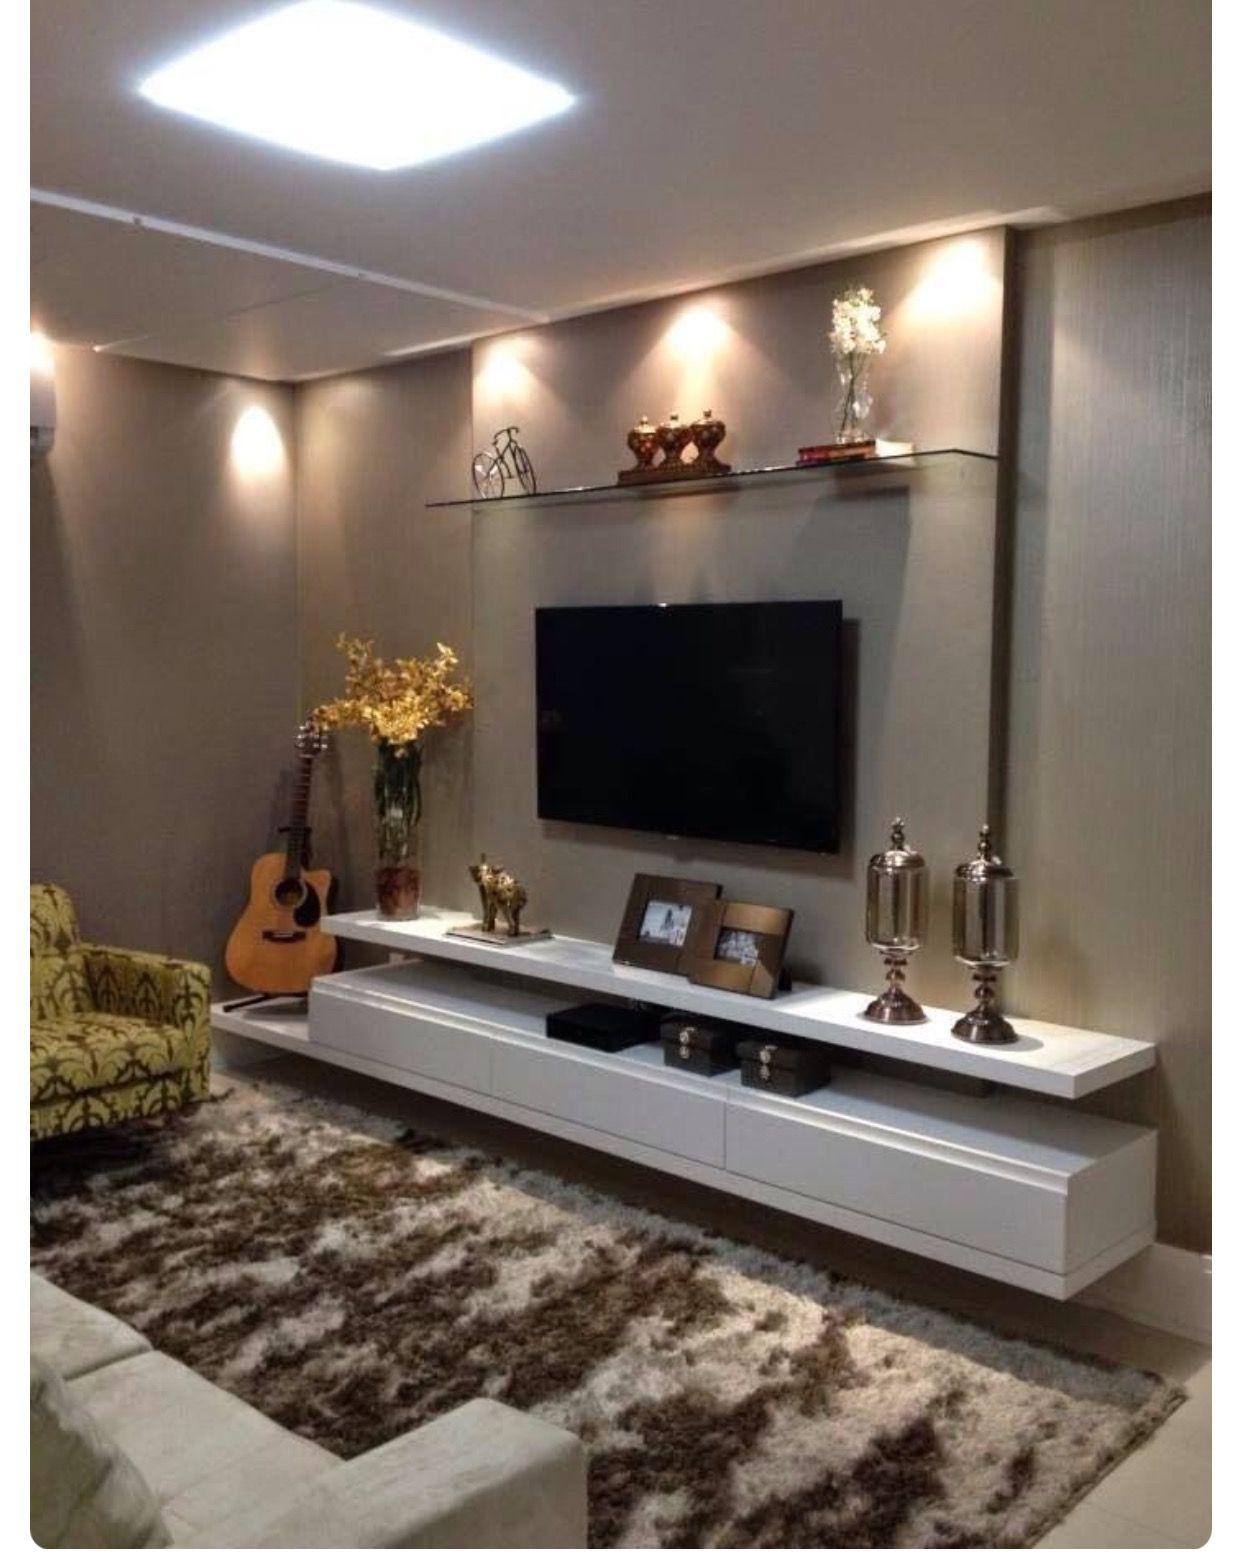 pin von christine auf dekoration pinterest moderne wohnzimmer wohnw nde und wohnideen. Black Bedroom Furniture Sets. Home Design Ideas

******************************

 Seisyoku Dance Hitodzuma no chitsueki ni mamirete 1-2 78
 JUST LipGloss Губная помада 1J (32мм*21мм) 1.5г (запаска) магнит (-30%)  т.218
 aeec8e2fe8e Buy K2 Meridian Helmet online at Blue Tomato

******************************

### Task
Both end lines included, restate word for word the lines above from the line with "Seisyoku Dance Hitodzuma" to the line with "aeec8e2fe8e Buy K2", and nothing else.

### Output of the exercise
 Seisyoku Dance Hitodzuma no chitsueki ni mamirete 1-2 78
 JUST LipGloss Губная помада 1J (32мм*21мм) 1.5г (запаска) магнит (-30%)  т.218
 aeec8e2fe8e Buy K2 Meridian Helmet online at Blue Tomato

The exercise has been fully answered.